In the material below, find the line containing "77-year old woman" and the line containing "Abstract vector background - 24 EPS". Output those two lines and all lines between them exactly, without pictures.

[Opening INFORMATION SUPPLIED section]

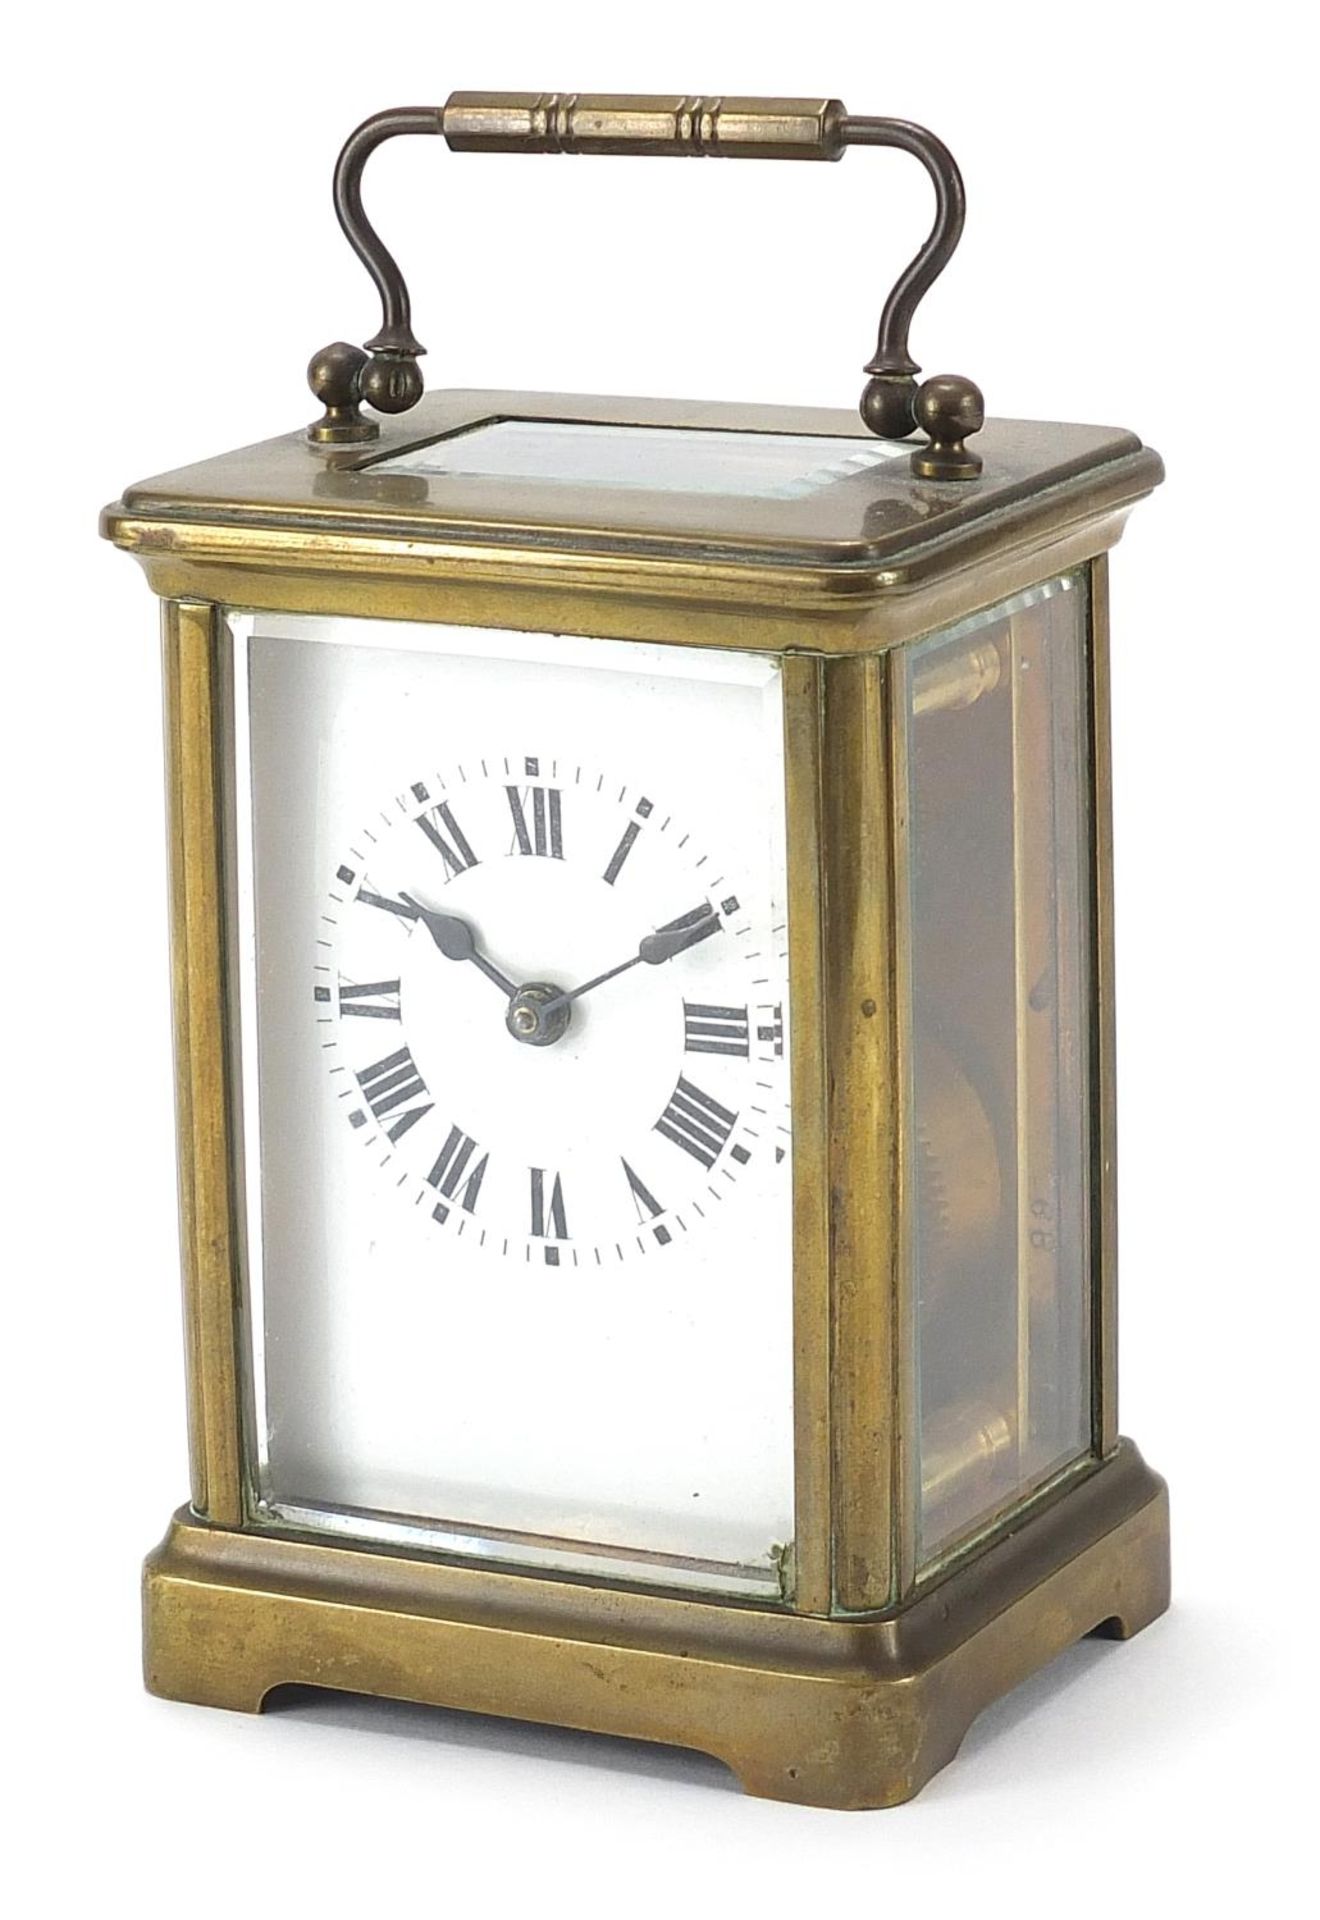 Brass cased carriage clock with swing handle, 11.5cm high
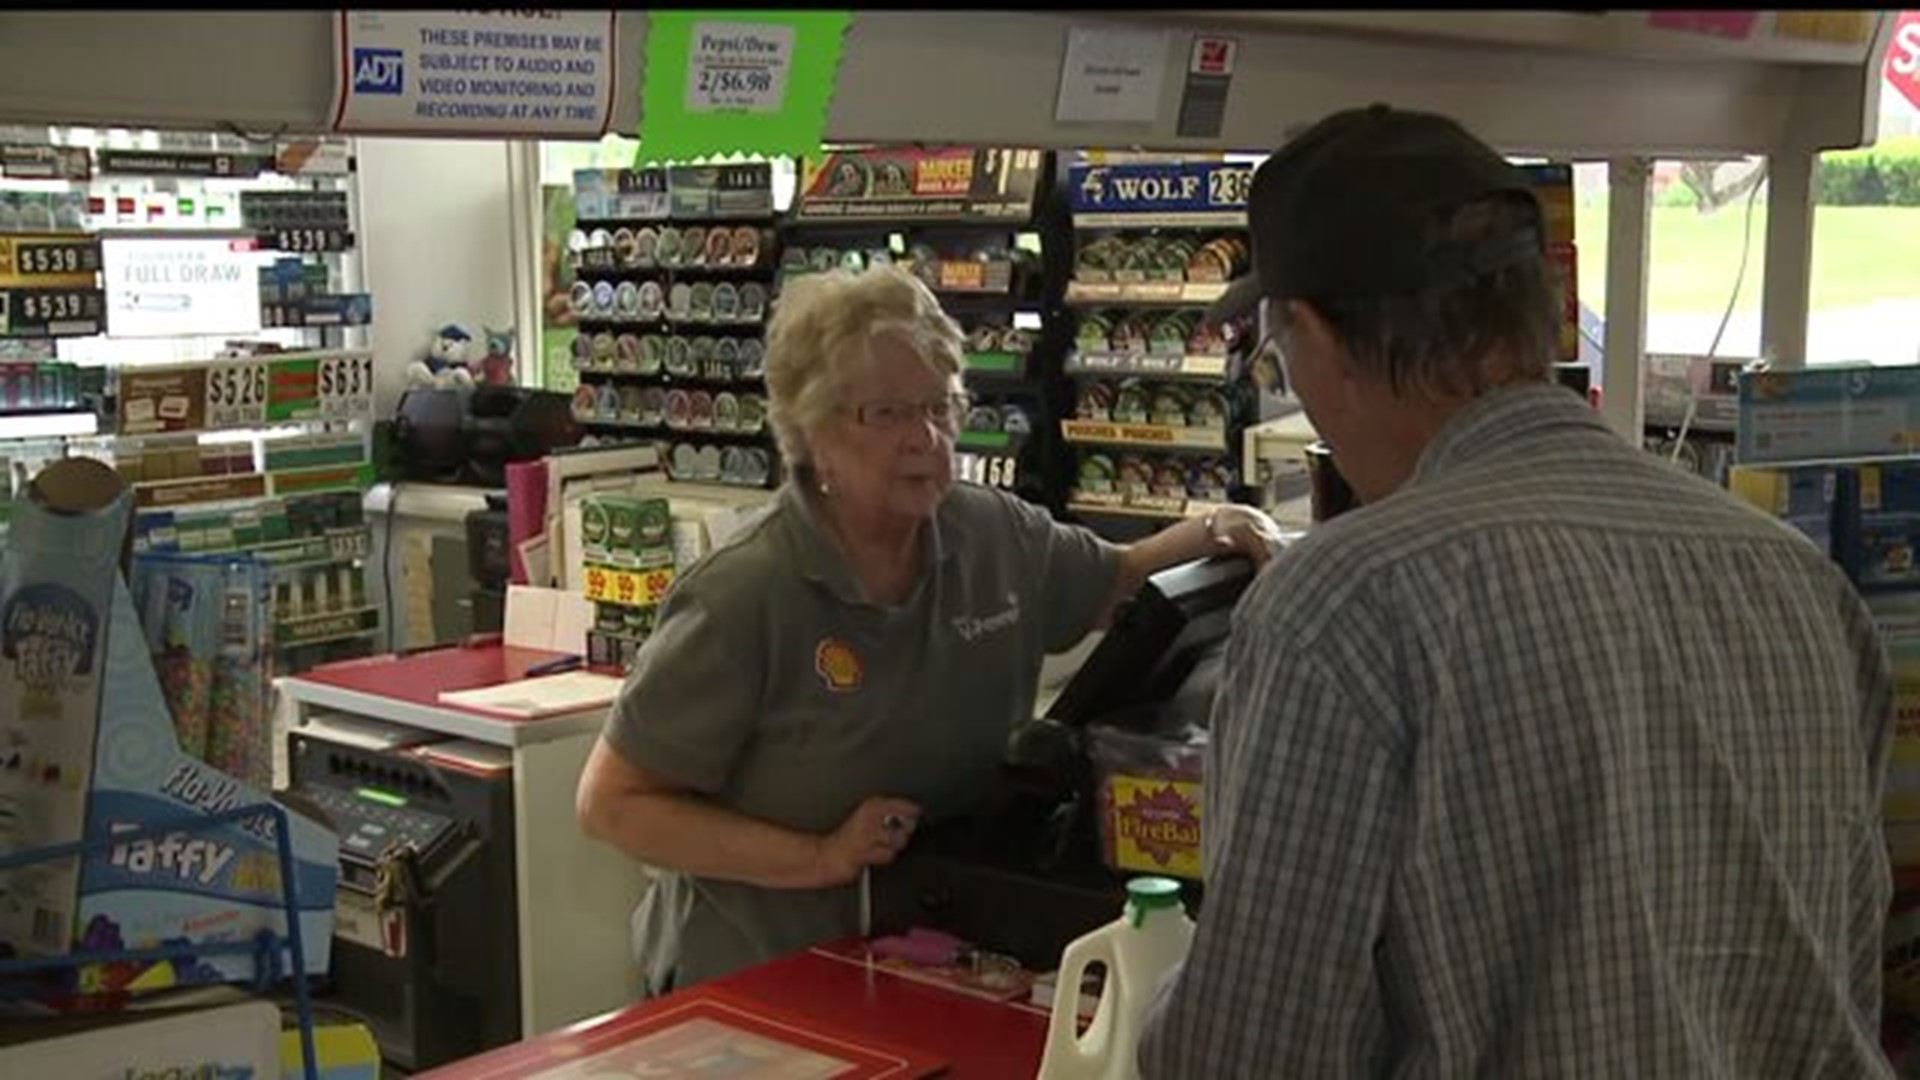 77-year old woman thrives at work despite Upper Dauphin robbery
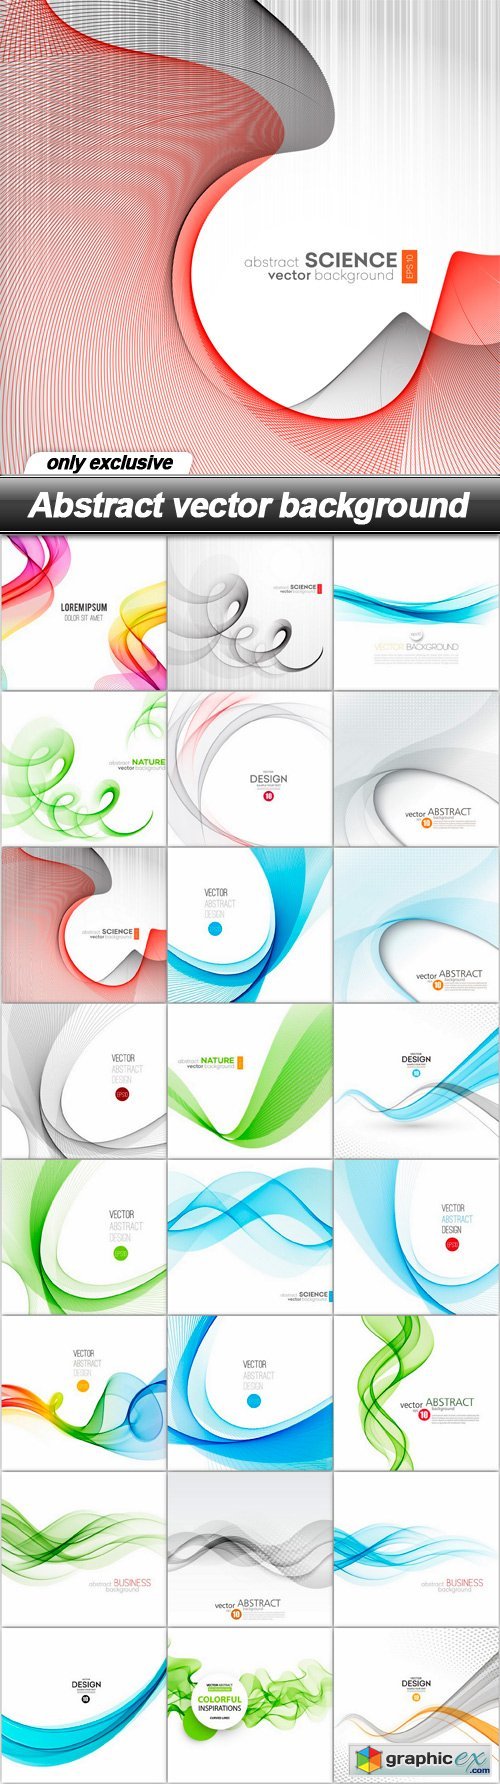 Abstract vector background - 24 EPS
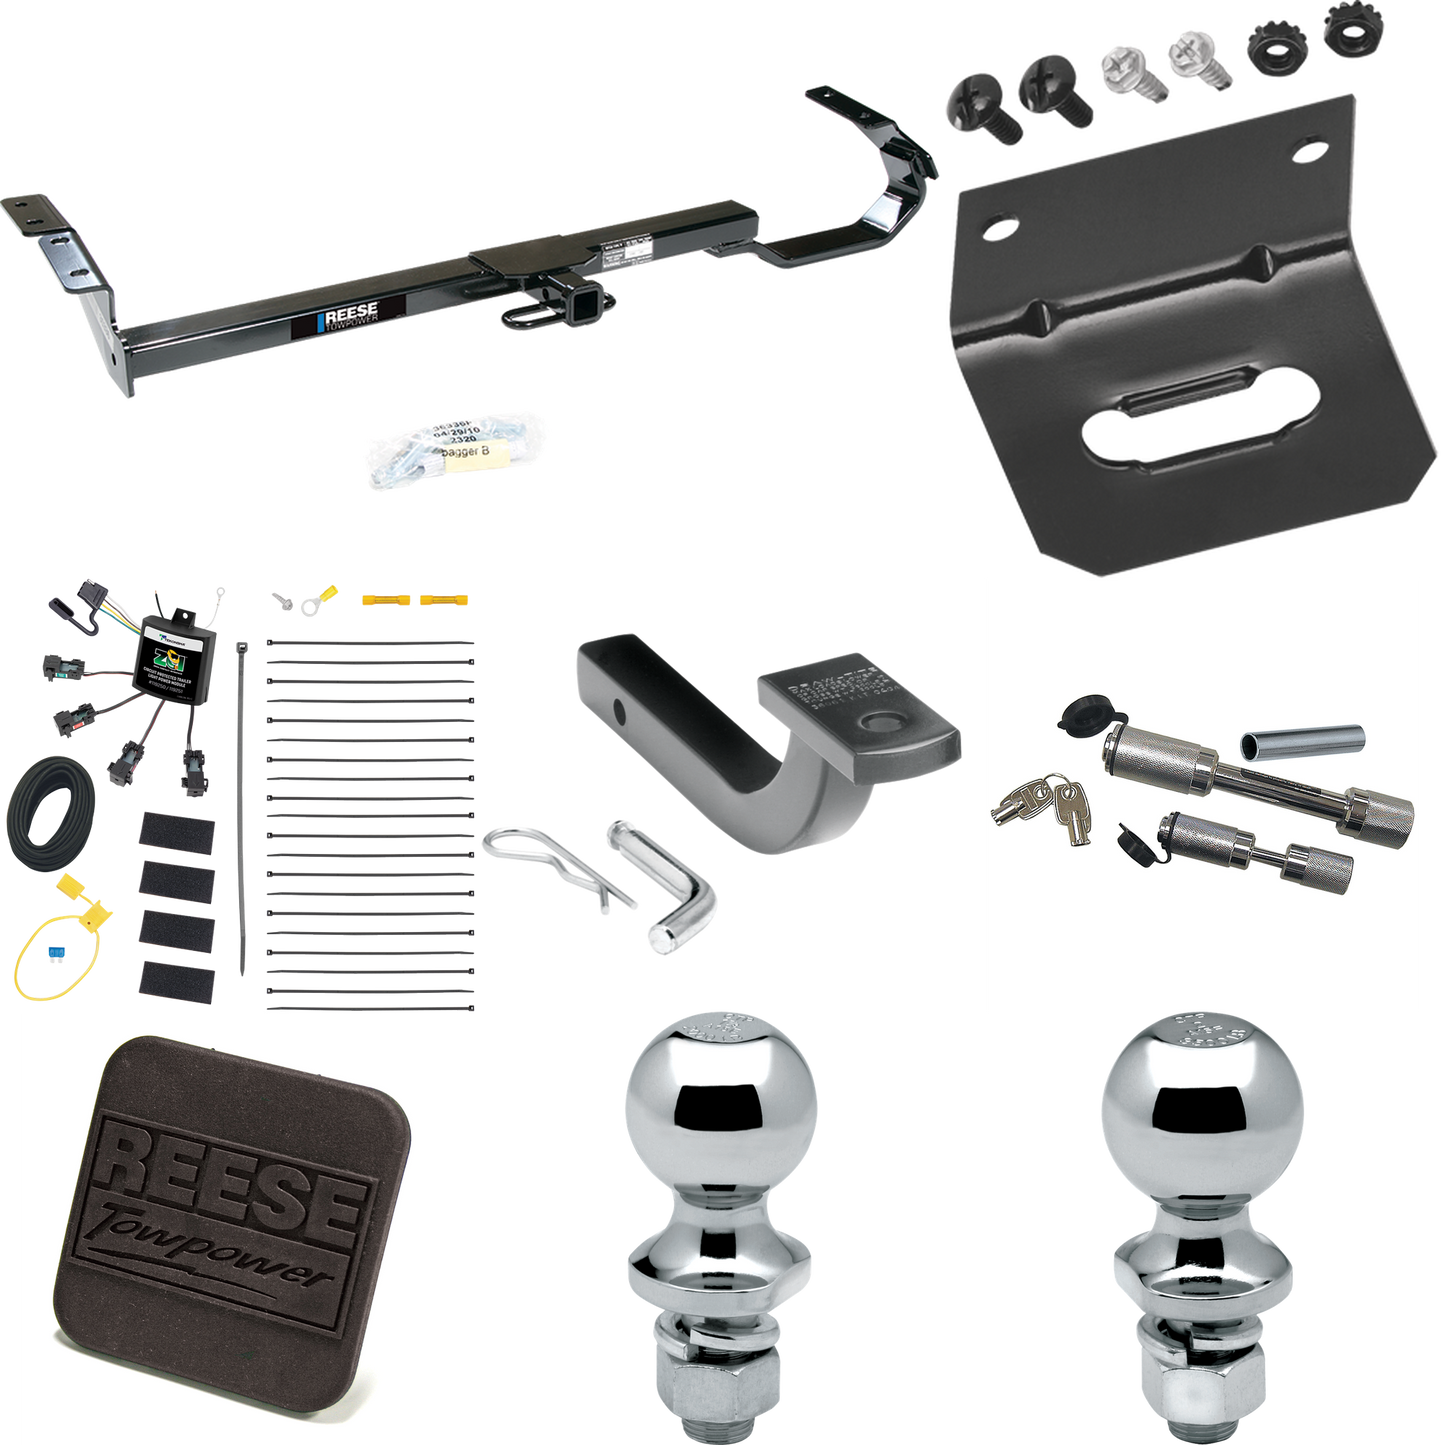 Fits 1992-1996 Toyota Camry Trailer Hitch Tow PKG w/ 4-Flat Zero Contact "No Splice" Wiring Harness + Draw-Bar + 1-7/8" + 2" Ball + Wiring Bracket + Hitch Cover + Dual Hitch & Coupler Locks By Reese Towpower

[Closing INFORMATION SUPPLIED section]

> EXERCISE OUTPUT:
 77-year old woman thrives at work despite Upper Dauphin robbery
 Abstract vector background - 24 EPS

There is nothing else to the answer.